Le garde me raconte encore que les traditions, pour la culture des céréales, veulent que la terre de labour soit divisée en lots et ensemencée, une première fois, toute en blé ; la seconde année moitié en blé, moitié en seigle ; la troisième année toute en seigle. Puis elle se repose trois ans. Et, grâce à ce repos, malgré l’insuffisance des outils, des charrues notamment, qui grattent à peine le sol, les moissons réussissent. Enfin, j’apprends que l’instruction est très répandue, dans ce coin sauvage de l’Espagne, que tous les paysans, sans exception, savent lire, écrire et compter.

— Désirez-vous faire la preuve ? dit le garde. Holà, Dionisia !

Nous touchons le dernier mur de pierre sèche qui termine le bourg, du côté le plus bas. Par-dessus le mur, nous apercevons un jardin petit, planté de choux et de garbanzos altérés de pluie, et une masure qui n’a qu’une fenêtre et une porte. Une jeune fille, de quinze ans peut-être, qui n’a pas l’affreux mouchoir noué sous le menton, et dont les cheveux, bruns à reflets d’or, font deux bandeaux sur les tempes et se relèvent en chignon pointu, s’encadre dans l’ouverture de la porte.

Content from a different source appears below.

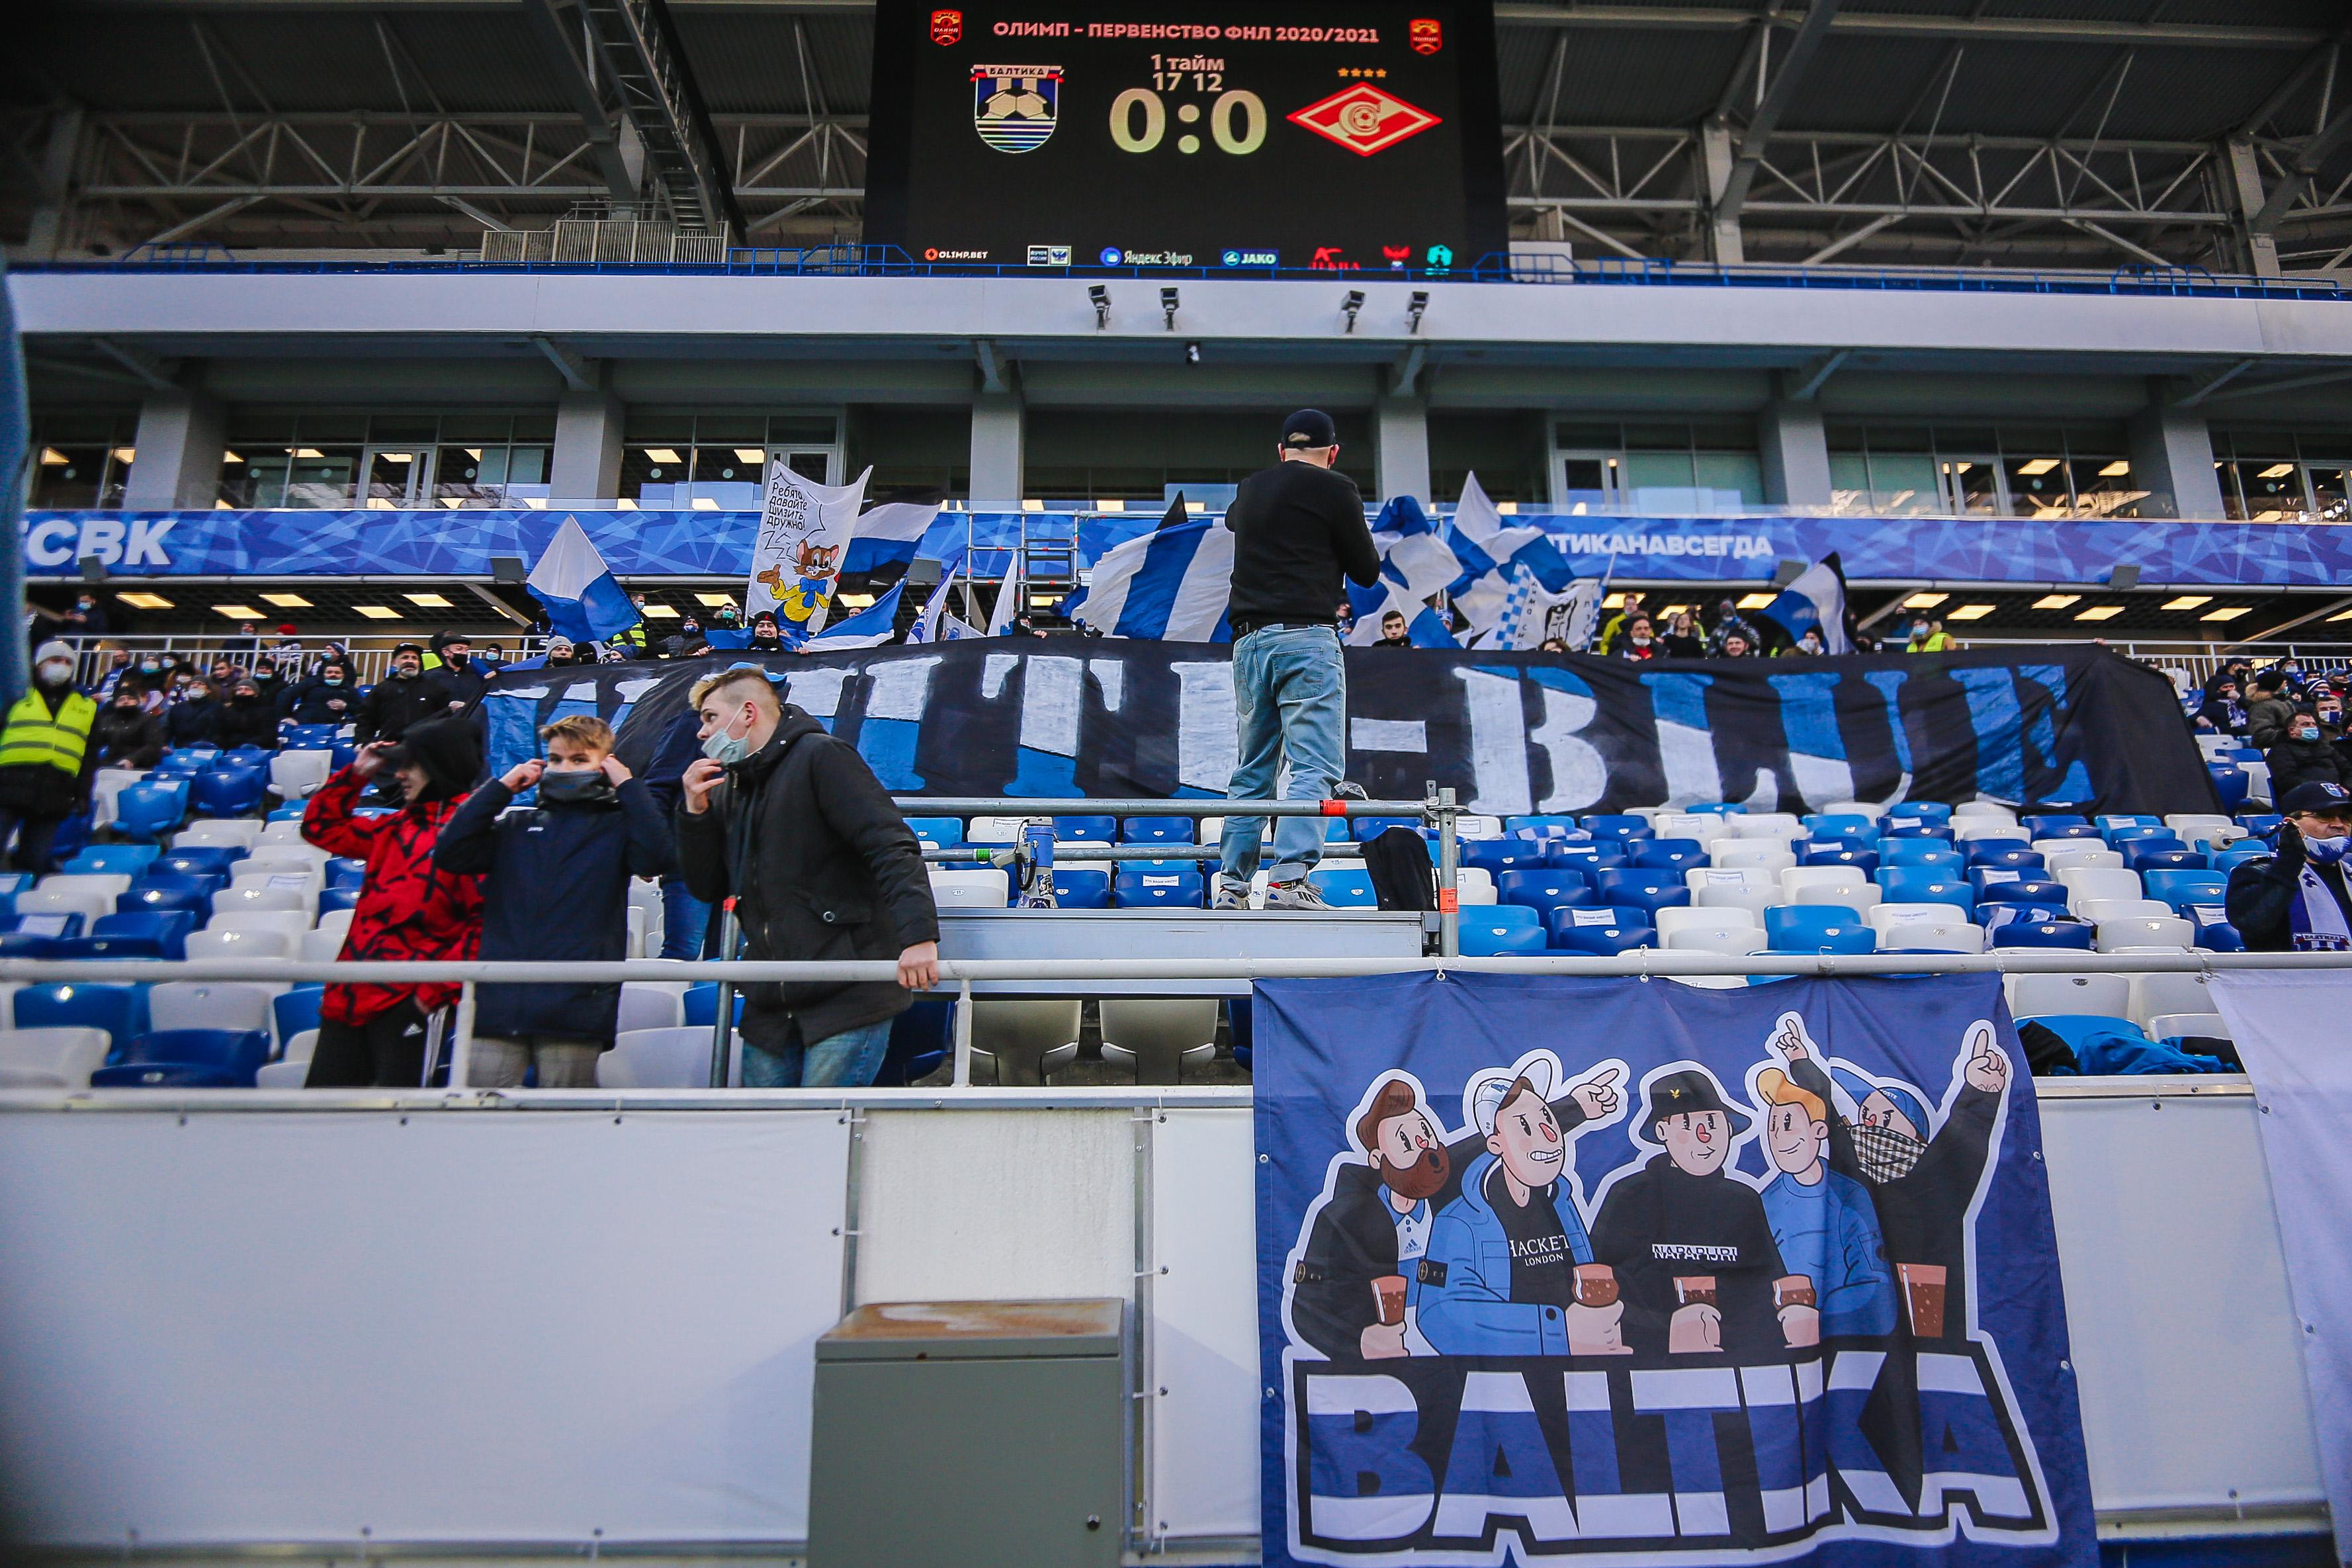 Фанаты «Балтики» подарили главному тренеру свой мерч. В благодарность он пришел на фан-сектор и отметил с ними победу

— Vous cherchez mon père ? dit-elle. Il est avec ses moutons, dans la forêt, et je ne crois pas qu’il revienne avant la nuit noire.

— Voyez comme elle parle bien ! murmure le garde, en poussant la barrière à claire-voie. Elle est intelligente comme un ange, cette petite !

Je ne puis juger que du timbre de la voix, qui est musical, et de la légèreté des mots, qui ne tiennent pas aux lèvres, et s’envolent sans effort.

Nous pénétrons dans la chambre, en terre battue, assombrie par la fumée et par les peaux de bique, les vêtemens, les vieilles outres pendues aux solives. Mlle Dionisia s’est appuyée au chambranle de la cheminée, qui occupe un grand tiers de la chambre, et qui ressemble à une alcôve, avec trois bancs autour du foyer. On doit être là comme dans une étuve, les soirs d’hiver.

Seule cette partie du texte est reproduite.